Canalone nel Parco e Ponticello su via di Centocelle… ormai è una barzelletta

Malamente raccontata dal Municipio V
Alessandro Moriconi - 23 Febbraio 2020

Dopo la Commissione Capitolina congiunta Cultura e Ambiente tenutas il 17 febbraio 2020 e terminata per mancanza del numero legale e senza aver dato la possibilità hai rottamatori presenti anche con l’Avv. Elena Di Donato, di poter contestare la visione di parte fatta dal Dirigente Dott.ssa Laura D’Aprile, in materia di delocalizzazione delle imprese di rottamazione e dell’inquinamento del sottosuolo dell’intera area del Parco, ci siamo recati sul posto, tra i rifiuti lasciati dall’ultimo sgombero di un nucleo di baracche.

Lo abbiamo fatto proprio per sentire  “l’altra campana“.
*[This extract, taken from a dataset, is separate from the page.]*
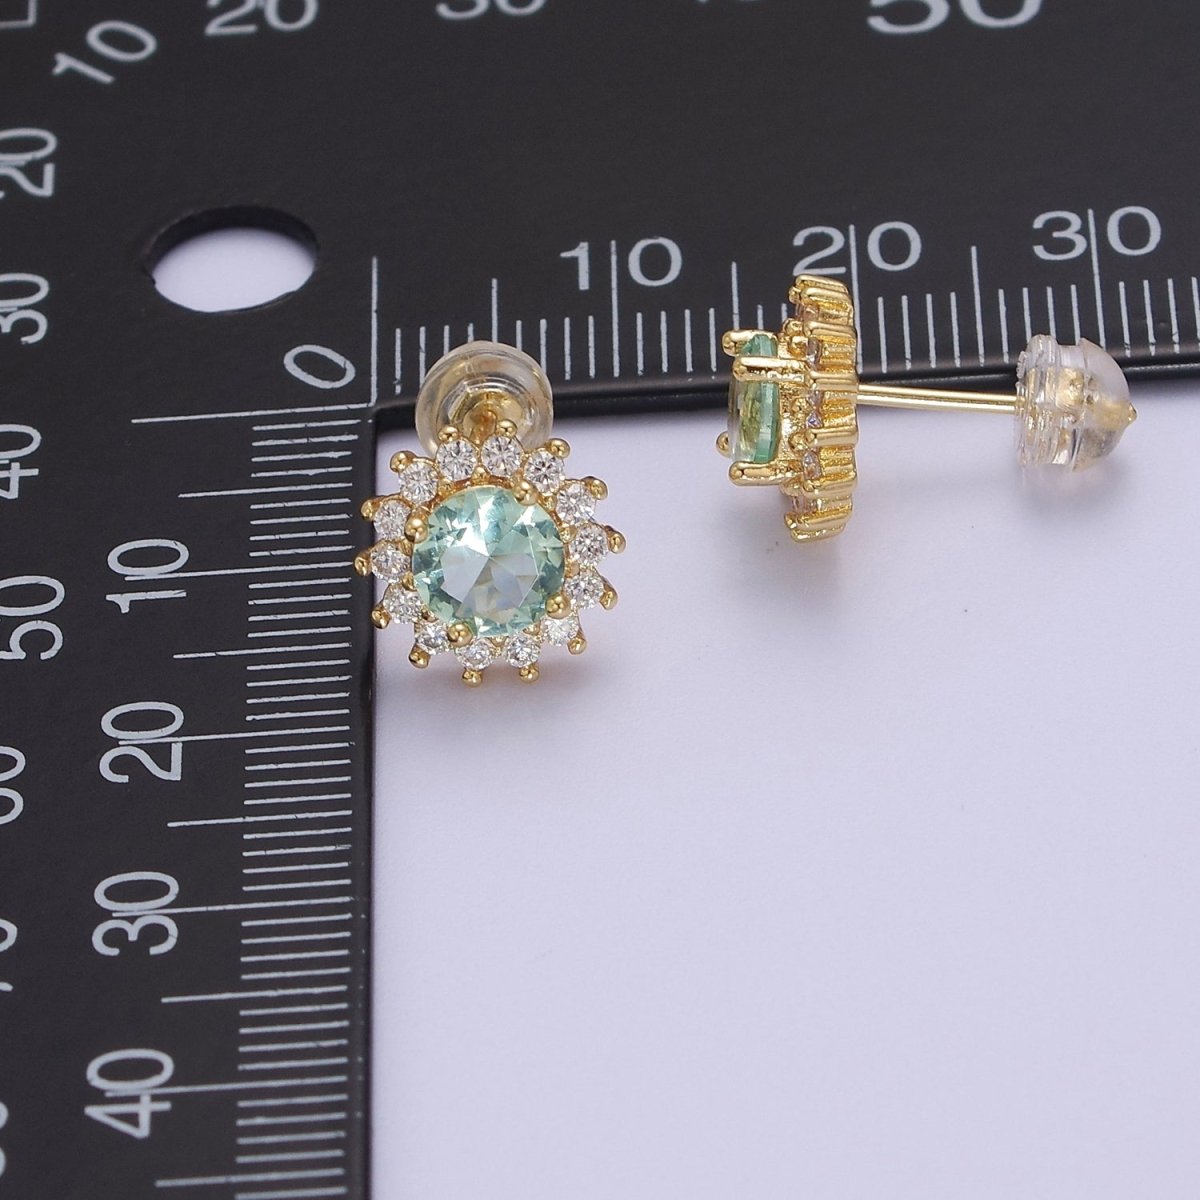 Tiny Zirconia Studs, Dainty Gold Zirconia Earrings, Cz Stud Earrings, Sun Earrings, Tiny Diamond Stud Earrings, Small Gold Earring V-104 - DLUXCA

Inutile dire che non un kg di quei rifiuti è stato rimosso e altrettanti potrebbero essere sotto degli strani cumuli di terreno, presenti qua e là nell’area interessata dai lavori del 2° lotto e finanziati con 2,8 milioni di euro.

I quali comprenderebbero oltre alla musealizzazione, anche il parcheggio e i servizi per quanti verranno a visitare l’importante e sospirato sito Archeologico, a cui si accederà, fintanto che non ci sarà la delocalizzazione delle imprese di rottamazione, passando proprio tra di esse.

Non ci siamo limitati alla sola intervista tra i rifiuti all’Avv. Di Donato di cui pubblicheremo il video integrale.

Infatti siamo andati a verificare la zona del Canalone e su cui ci sono impegni e promesse  mancate di bonifica che risalgono ormai alla famigerata Ordinanza Raggi del 10 febbraio 2017 con l’amministrazione si dava anche il tempo per la bonifica: un mese.

Scendendo nel canalone la prima cosa che è apparsa ai nostri occhi è stata la mancanza assoluta di vigilanza dell’area, tant’è che alcuni senza fissa dimora stanno cercando e in tutta tranquillità, di ricostruirsi alloggi di fortuna … Ma non basta ci sono anche resti di slot-machine e un bel pacco di fogli di ‘salutare’ Eternit.

Ma è la struttura del “Ponticello“ ad allarmarci ancora di più. Infatti è stato urtato con molta probabilità da un mezzo pesante che ha strappato la protezione tubolare che è stata sostituita con il classico nastro bianco e rosso e la rete in plastica arancione.

Ma è un trave su cui poggia la strada ad allarmarci, sembra non più in asse con il resto del ponte e che richiede un urgente sopralluogo e il rilascio di una certificazione che ne garantisca l’utilizzo o ne disponga la chiusura parziale o totale.